Provided material:
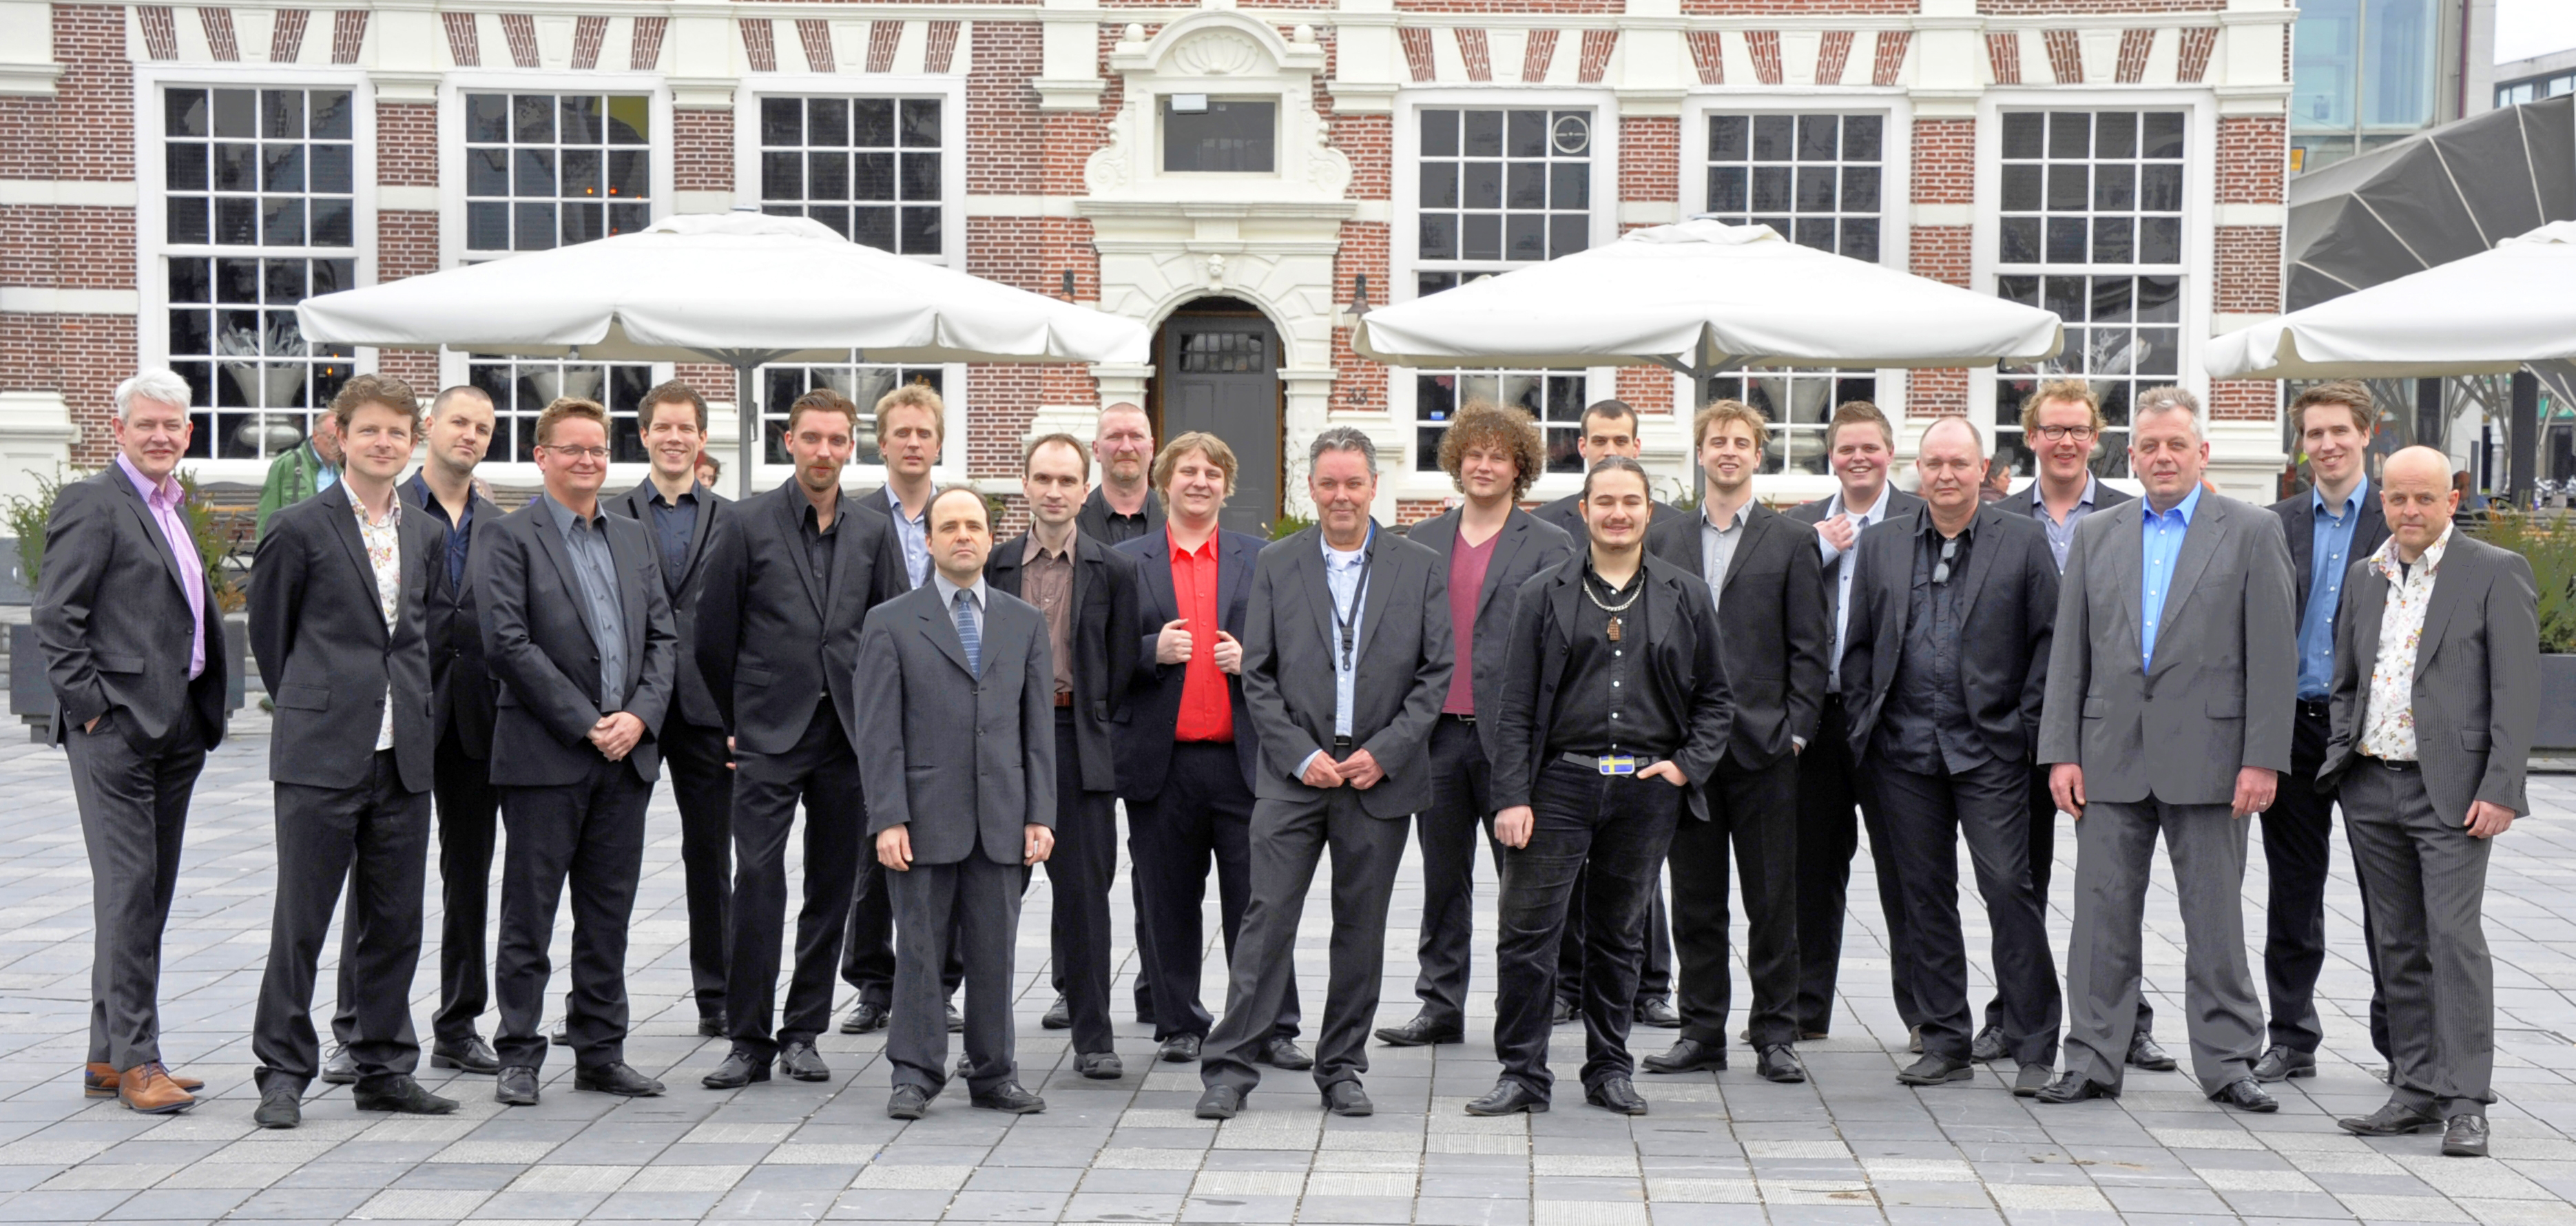 Northern European Jazz Orchestra
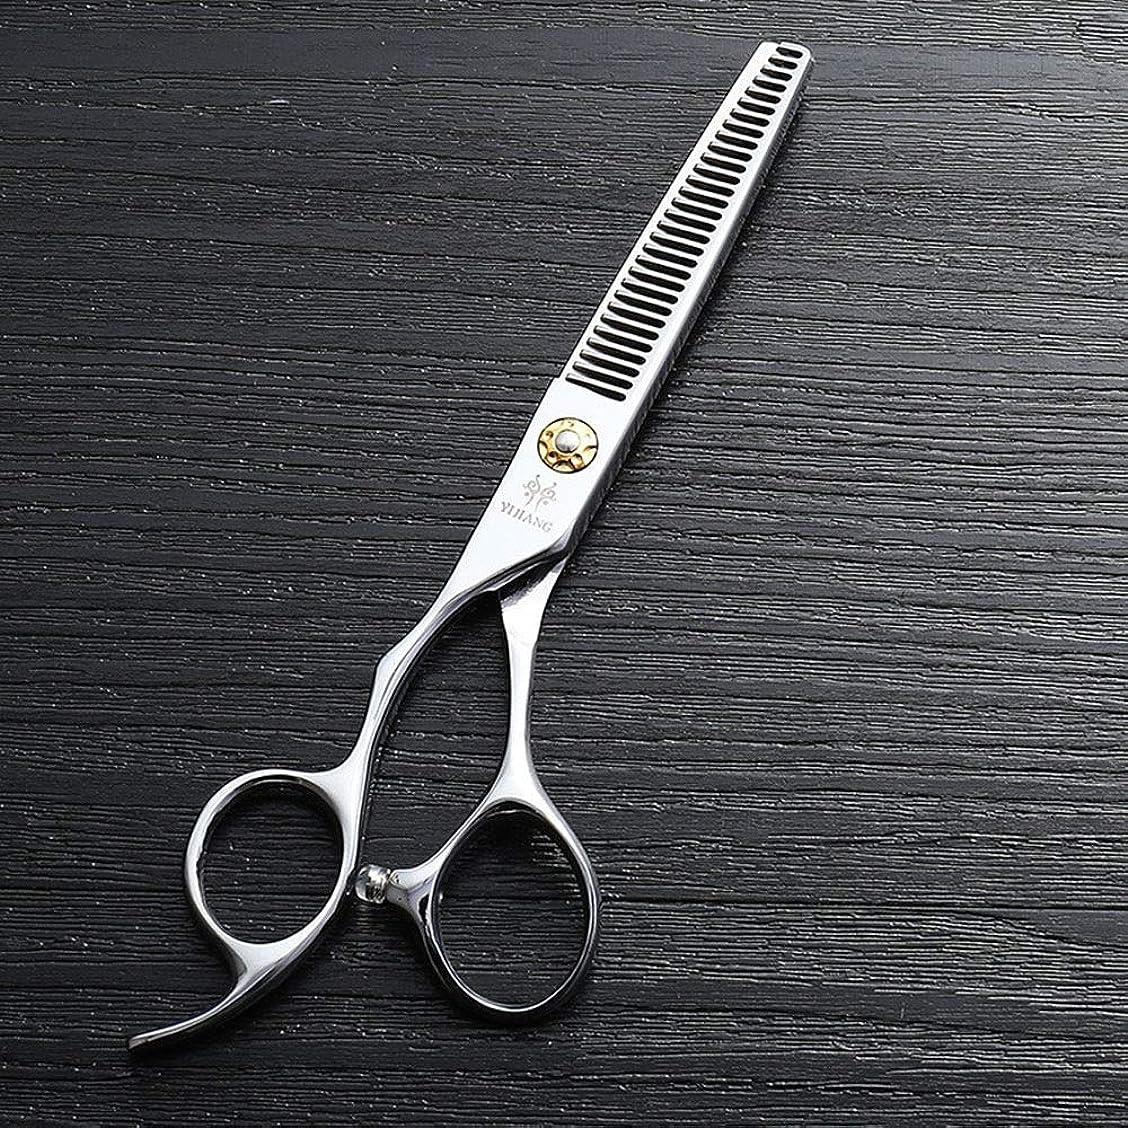 溶岩資格フェローシップカットハサミ ヘアスタイリングツール 6インチ美容院プロのヘアカットハイエンド左手歯はさみ、440 cステンレス鋼理髪ツール ヘアカットシザー (色 : Silver)
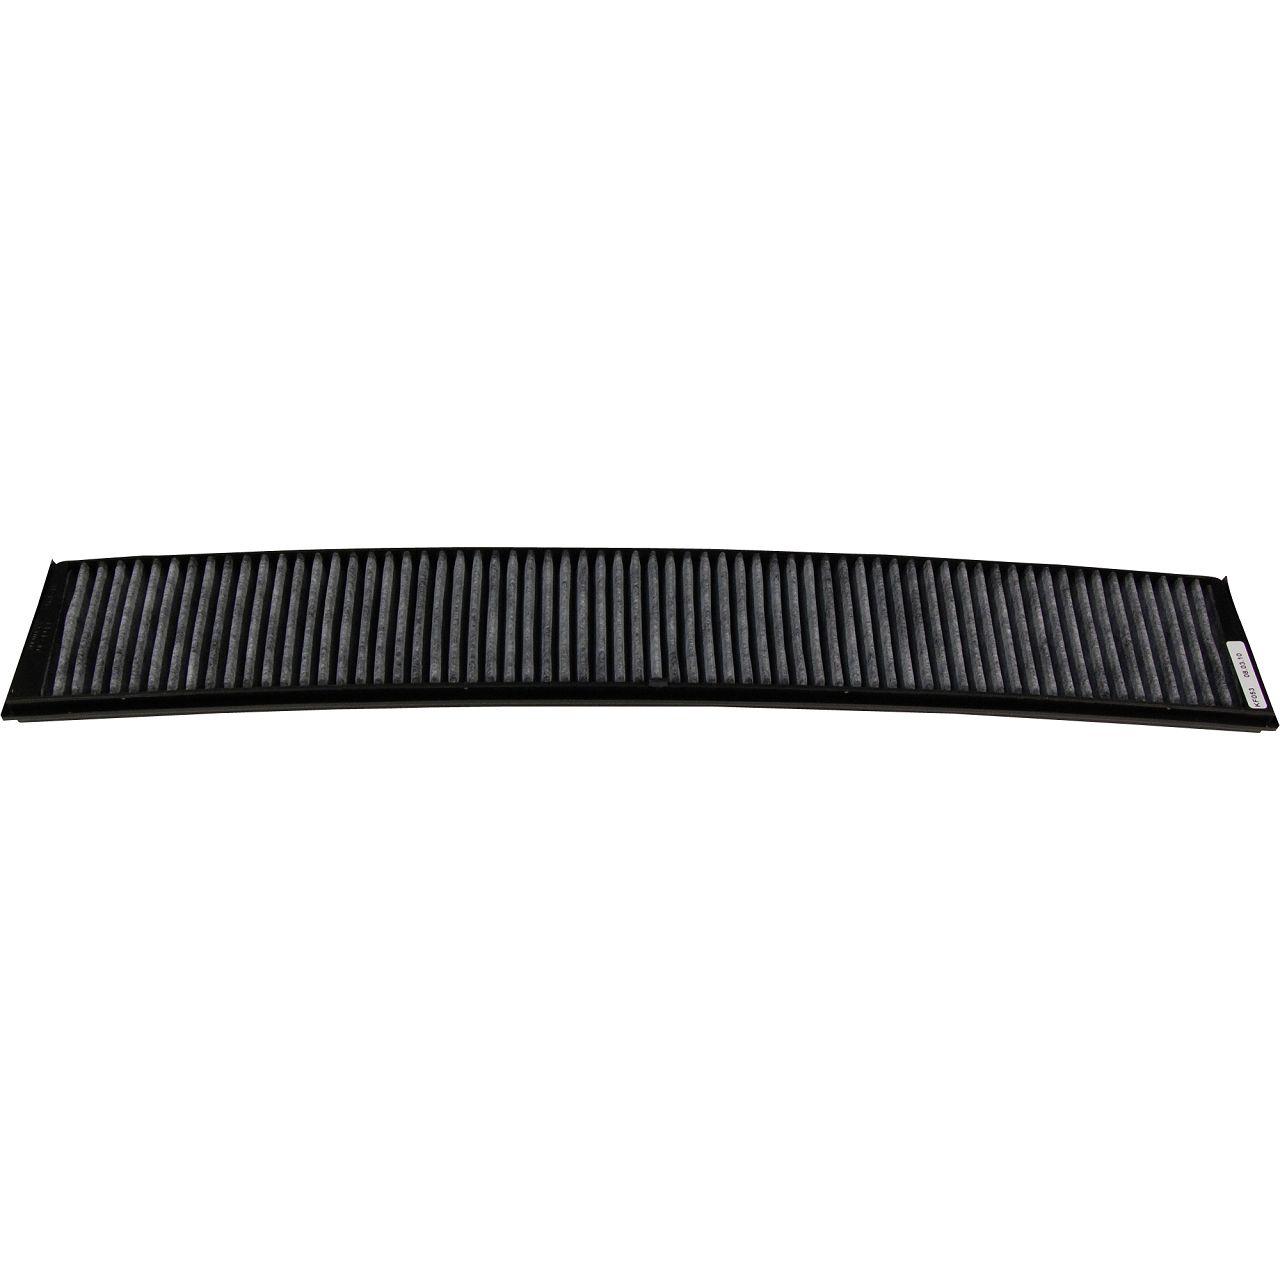 Inspektionskit Filterpaket für BMW 3er E46 318d 115/116 PS + 320d 136 PS

Problem requirements:
Copy all of the data word for word, and keep the pictures out of it.

Exercise response:
 Northern European Jazz Orchestra
 溶岩資格フェローシップカットハサミ ヘアスタイリングツール 6インチ美容院プロのヘアカットハイエンド左手歯はさみ、440 cステンレス鋼理髪ツール ヘアカットシザー (色 : Silver)
 Inspektionskit Filterpaket für BMW 3er E46 318d 115/116 PS + 320d 136 PS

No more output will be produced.